Available data:

------------------------------------------------------------------------

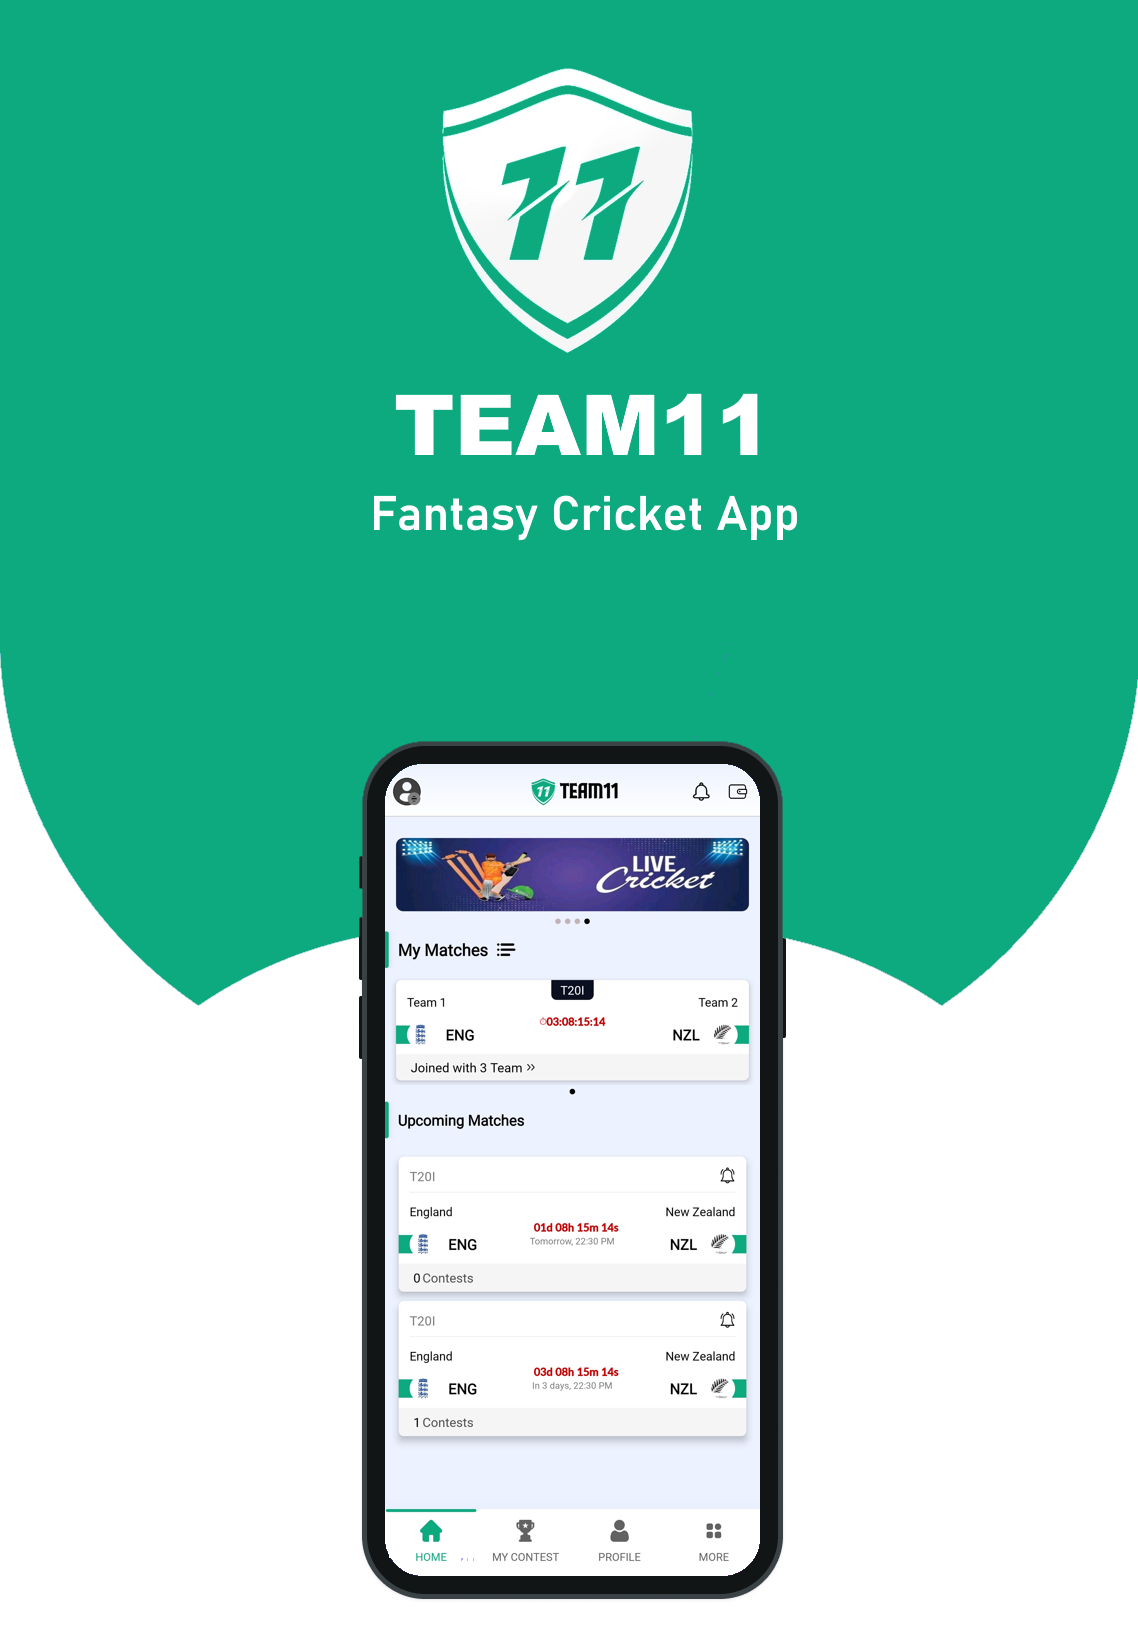 Team11 - Fantasy Cricket App
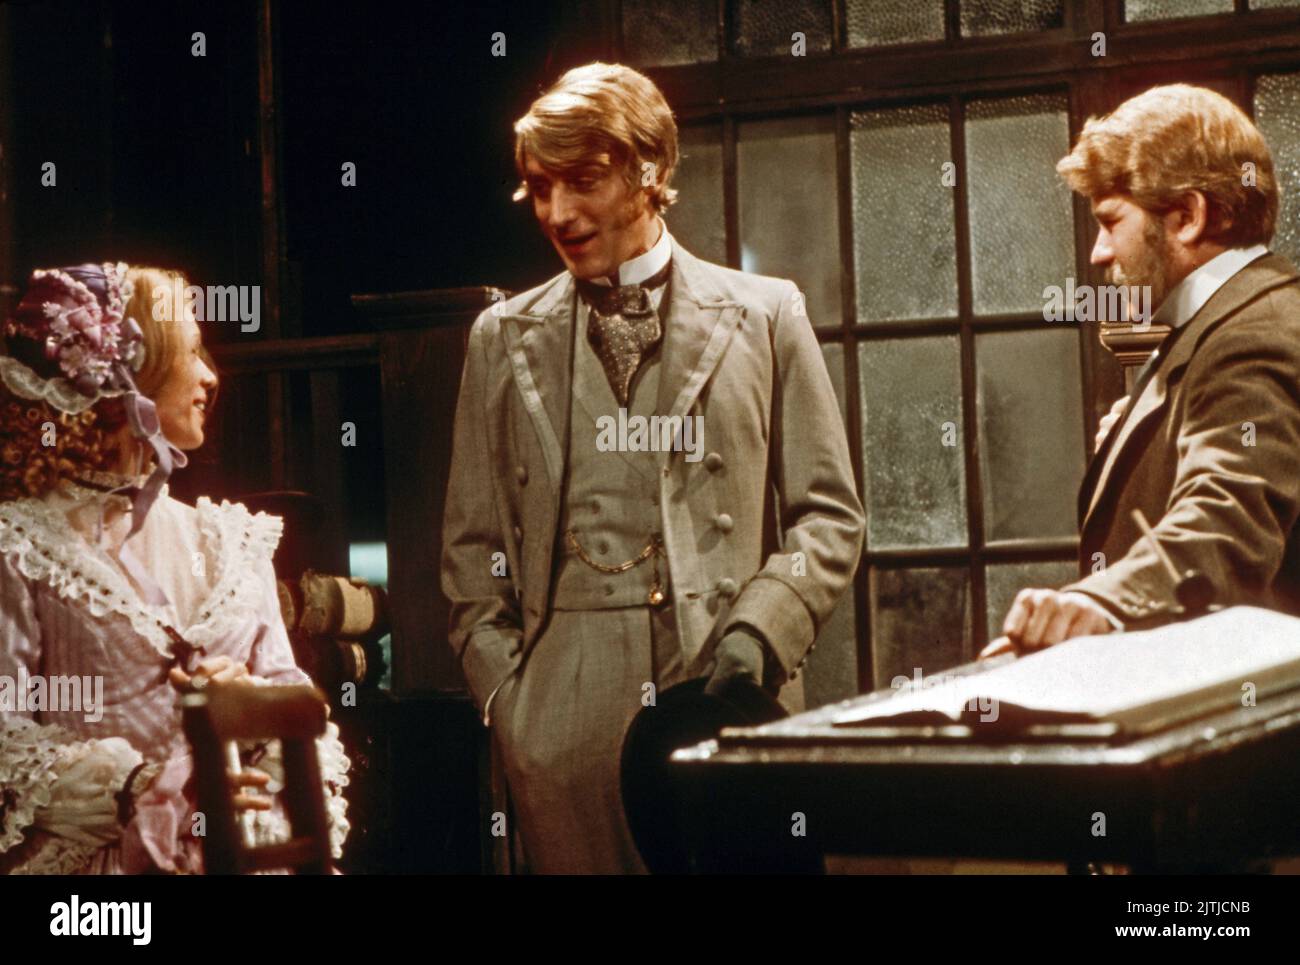 La línea Onedin, aka: Die Onedin-Linie, Großbritannien Fernsehserie, 1971 - 1980, Darsteller: Jessica Benton, Philip Bond, Brian Rawlinson Foto de stock
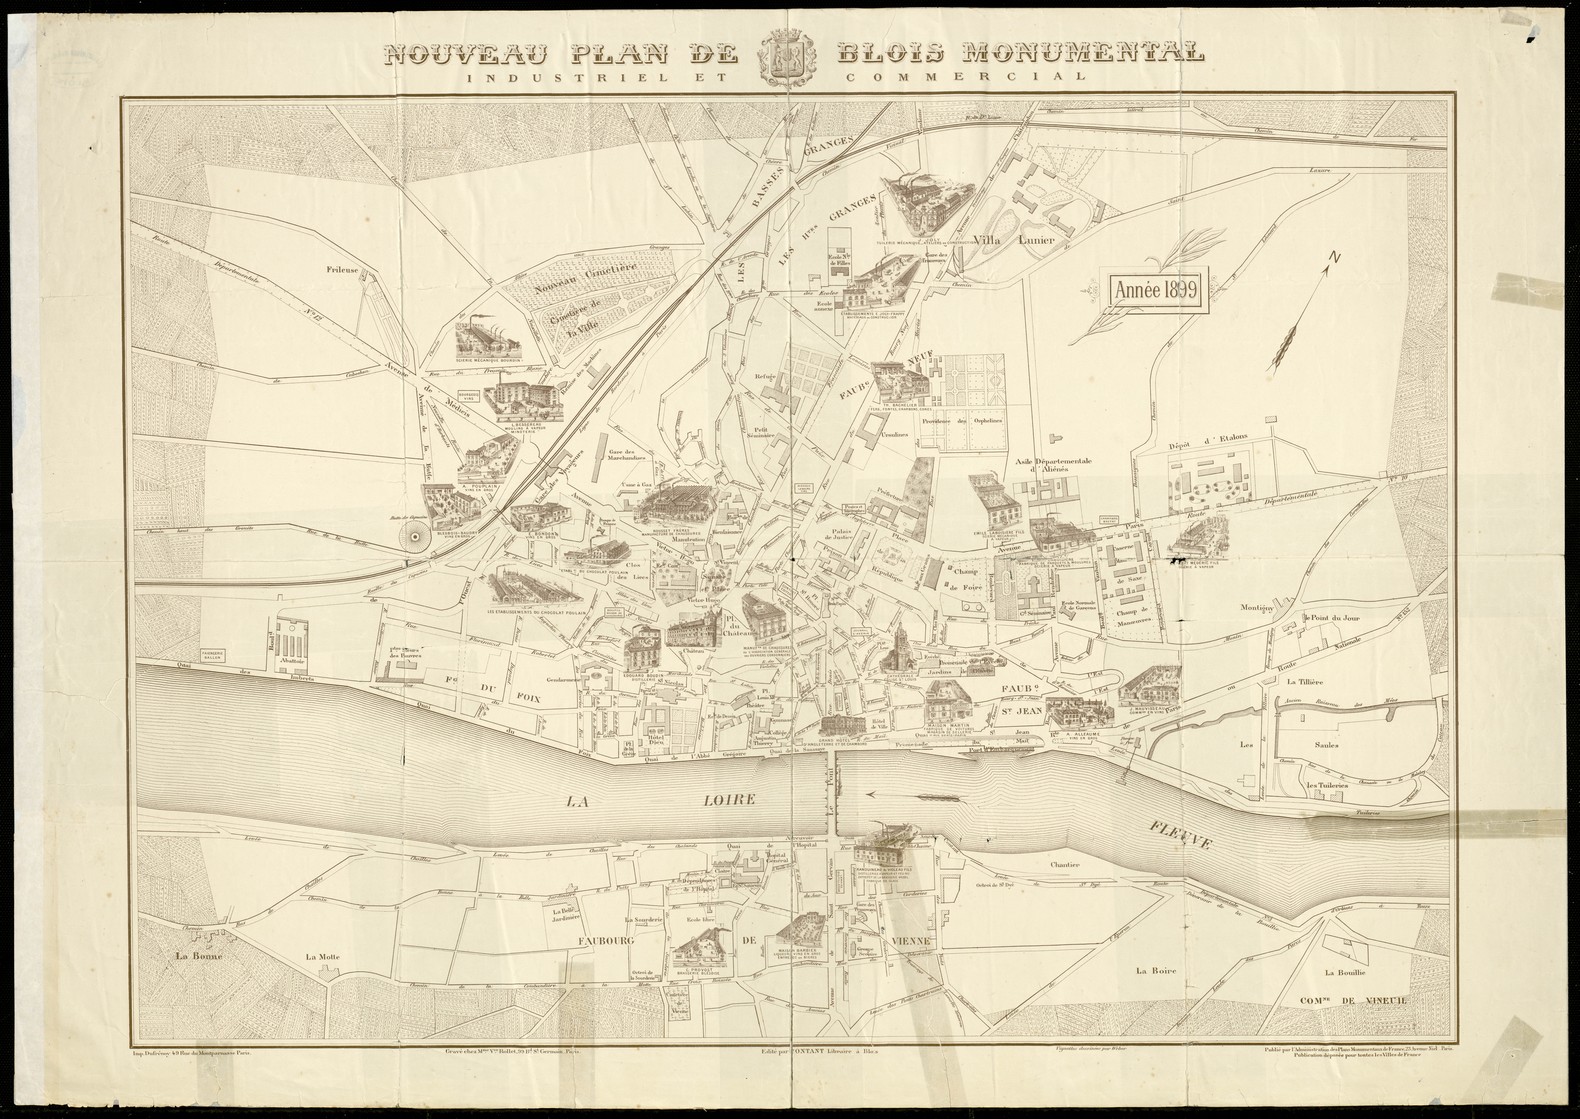 Contant, Nouveau plan de Blois monumental, industriel et commercial, 1899
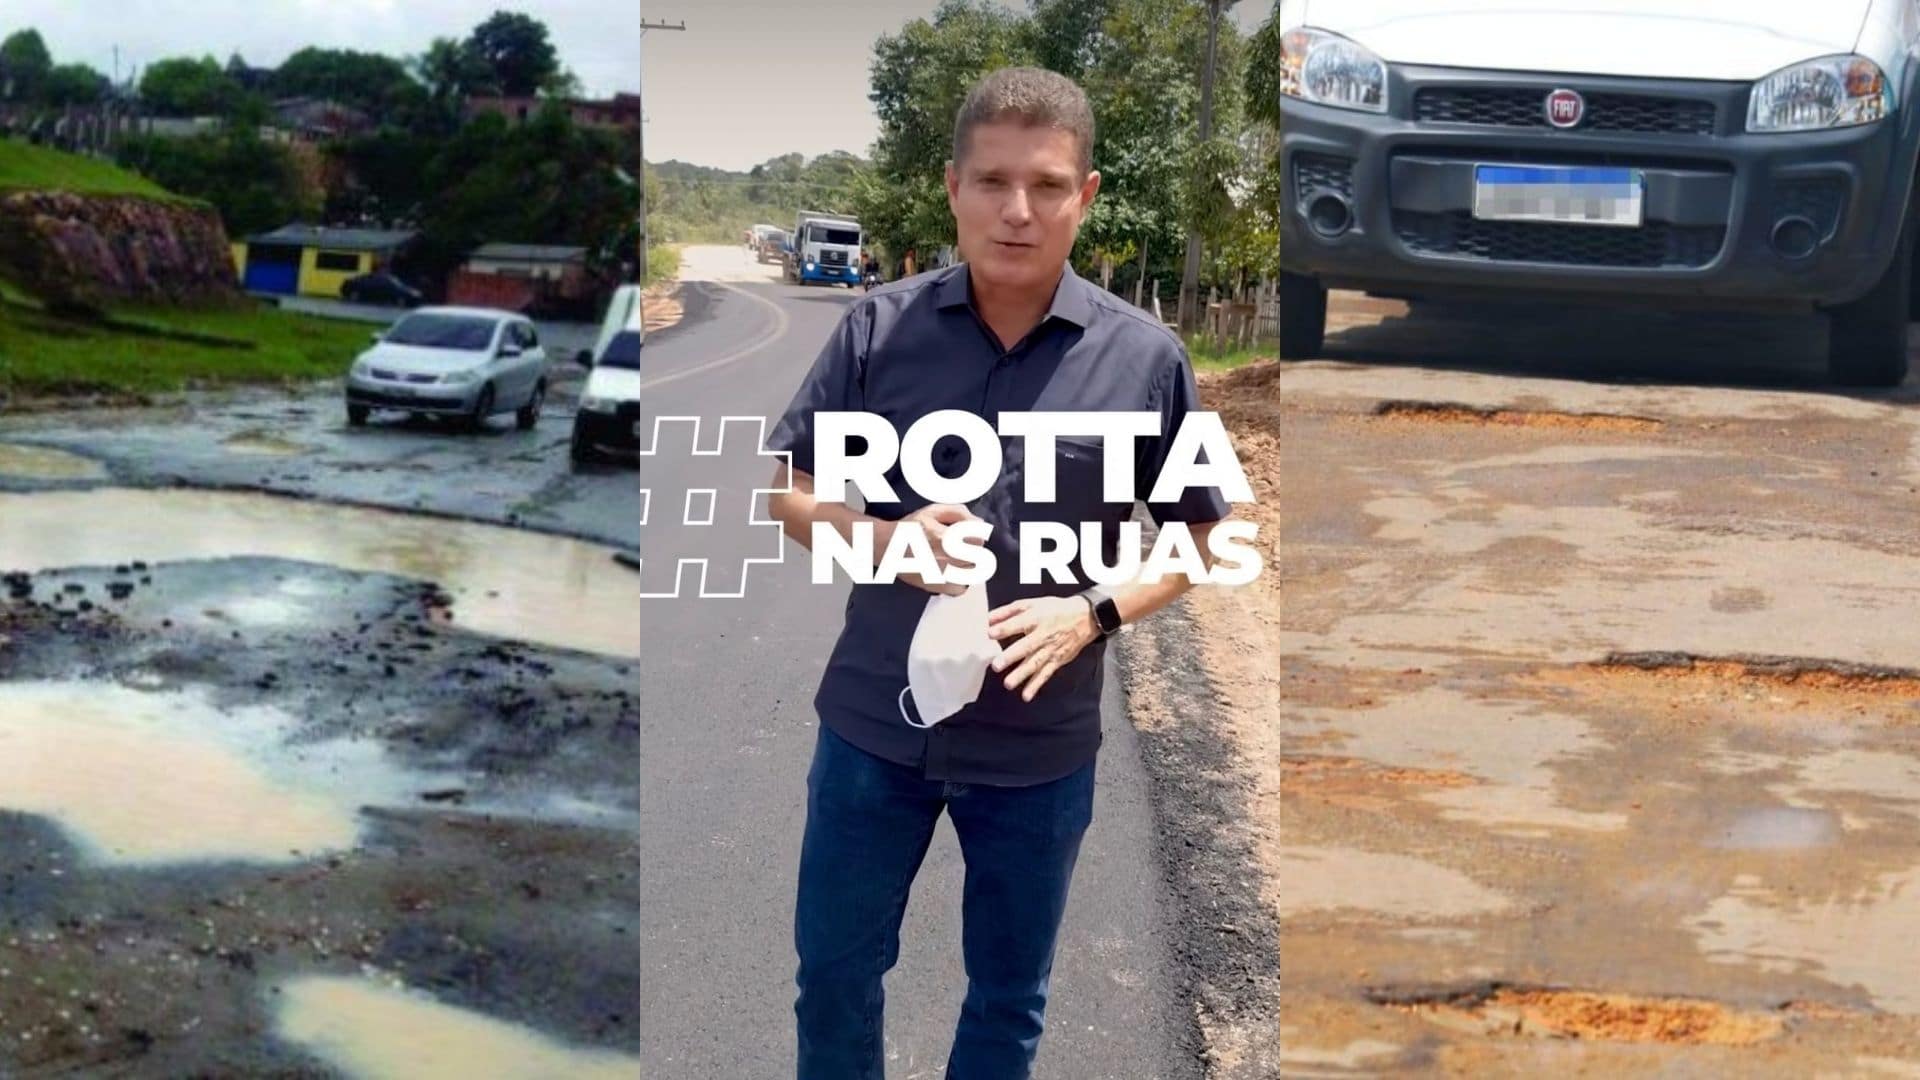 Rotta se exibe com 'trabalho' nas redes sociais, mas ignorou demanda dos moradores de Manaus

------------------------------------------------------------------------

About this task: Would you retype exactly the lines running from the line that contains "Contant, Nouveau plan" through the end of the listing above, both included? Skip every picture.

Exercise result:
 Contant, Nouveau plan de Blois monumental, industriel et commercial, 1899
 Rotta se exibe com 'trabalho' nas redes sociais, mas ignorou demanda dos moradores de Manaus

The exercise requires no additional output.